We will need it's display name, the path to the data and the path to save the trained model. 

The paths are the same in the cpd project environment and wmla environment where the model will be running.

In [6]:
VOLUME_DISPLAY_NAME='cpd::demo-project-pvc'

%env DRIVE_DATA_PATH=/mnts/demo_project_pvc/data
%env DRIVE_MODEL_PATH=/mnts/demo_project_pvc/model

env: DRIVE_DATA_PATH=/mnts/demo_project_pvc/data
env: DRIVE_MODEL_PATH=/mnts/demo_project_pvc/model


Now let's download the data.

In [7]:
import torchvision
import os
from torchvision import transforms

transform = transforms.Compose(
        [transforms.ToTensor(),
         transforms.Normalize((0.5, 0.5, 0.5), (0.5, 0.5, 0.5))])

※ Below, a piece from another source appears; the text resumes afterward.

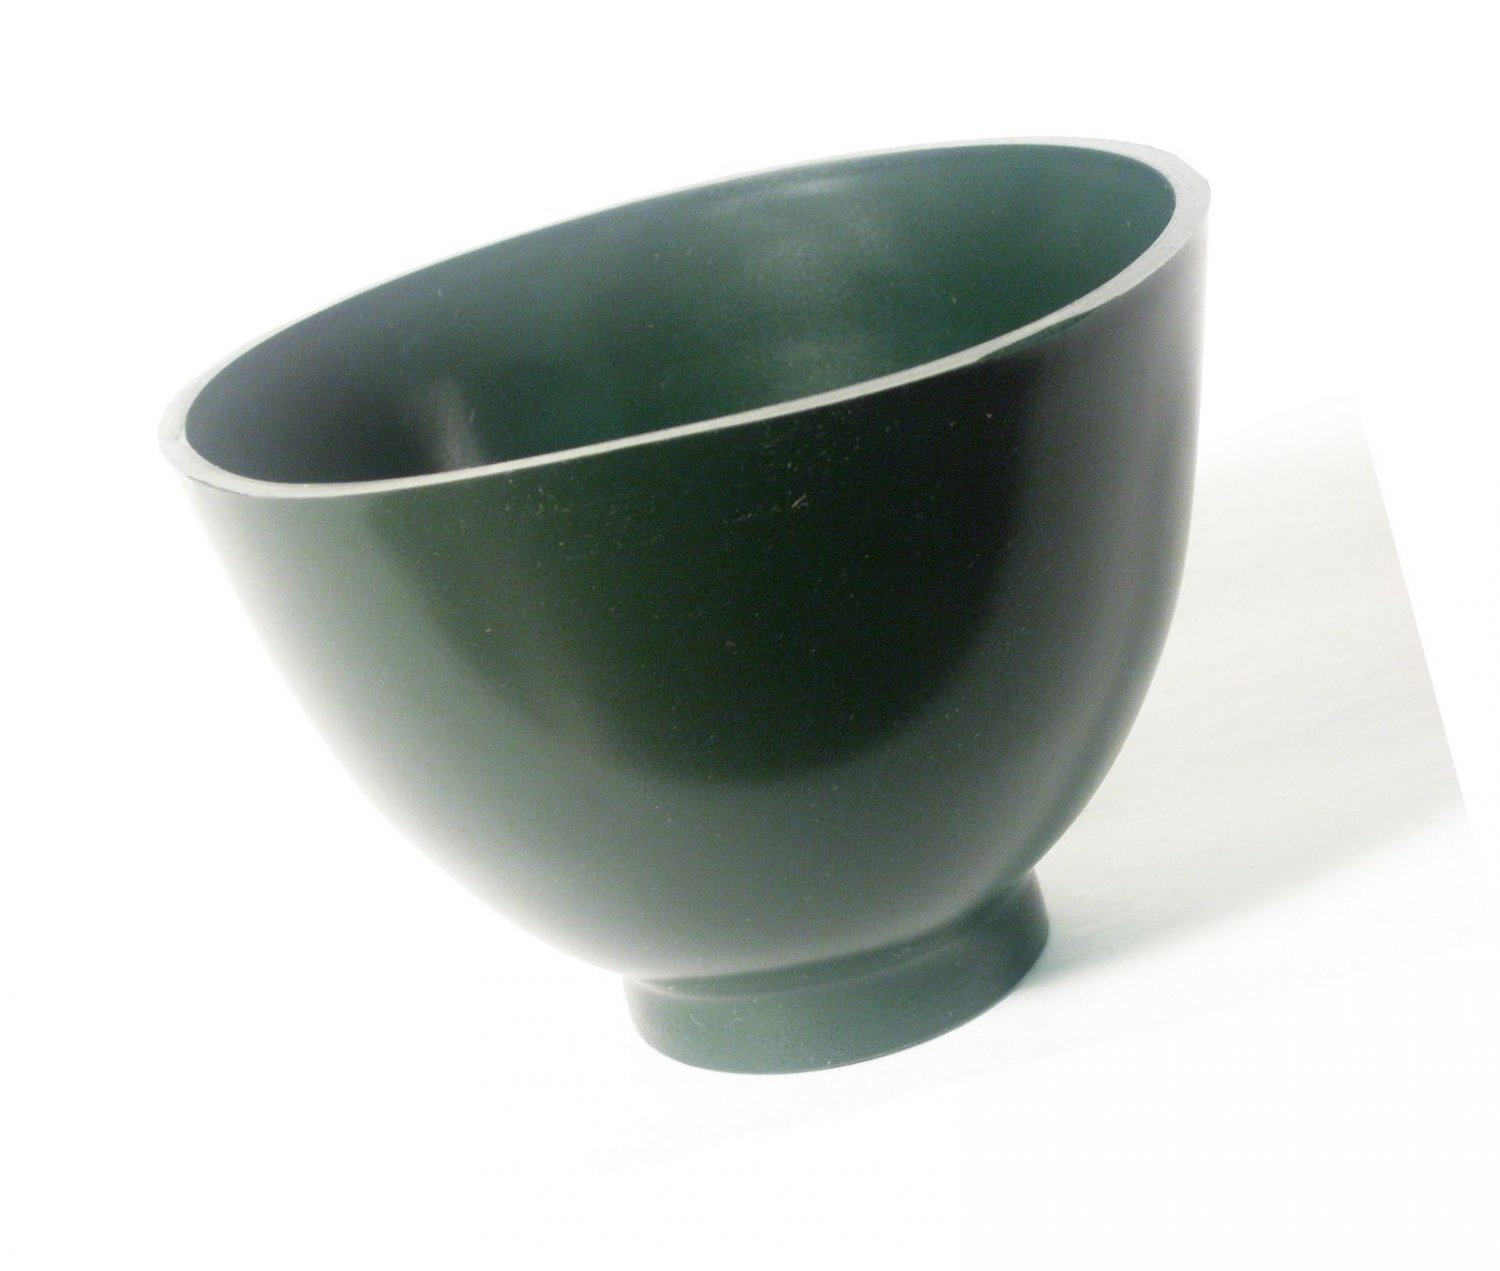 Besqual: MB-l: Flexible Rubber Mixing Bowls: Large: Green

trainset = torchvision.datasets.CIFAR10(root=os.getenv('DRIVE_DATA_PATH'), train=True,
                                            download=True, transform=transform)
testset = torchvision.datasets.CIFAR10(root=os.getenv('DRIVE_DATA_PATH'), train=False,
                                       download=True, transform=transform)

Files already downloaded and verified
Files already downloaded and verified


### Submit Jobs

First we select the folder to submit and the script to be executed from it.

In [8]:
%env DIR_job_submission=/userfs/ddp-tutorial/job_submission
%env file_exec=train_wmla.py

env: DIR_job_submission=/userfs/ddp-tutorial/job_submission
env: file_exec=train_wmla.py


In [9]:
#Volume connection description JSON 
data_source = '[{\"type":"fs","location":{"volume":"%s"}}]'%(VOLUME_DISPLAY_NAME) 

%env DATA_SOURCE = $data_source

env: DATA_SOURCE=[{"type":"fs","location":{"volume":"cpd::demo-project-pvc"}}]


And now we send the job.

In [10]:
!python $dlicmd --exec-start distPyTorch --rest-host $HOST --rest-port -1 --jwt-token $USER_ACCESS_TOKEN \
                  --msd-env USER_ACCESS_TOKEN=$USER_ACCESS_TOKEN --msd-env BASE_URL=$BASE_URL \
                  --msd-env DRIVE_DATA_PATH=$DRIVE_DATA_PATH --msd-env DRIVE_MODEL_PATH=$DRIVE_MODEL_PATH \
                  --numWorker 6 --workerMemory 8g \
                  --model-dir $DIR_job_submission --model-main $file_exec \
                  --data-source $DATA_SOURCE \
                  --appName "DDP Tutorial"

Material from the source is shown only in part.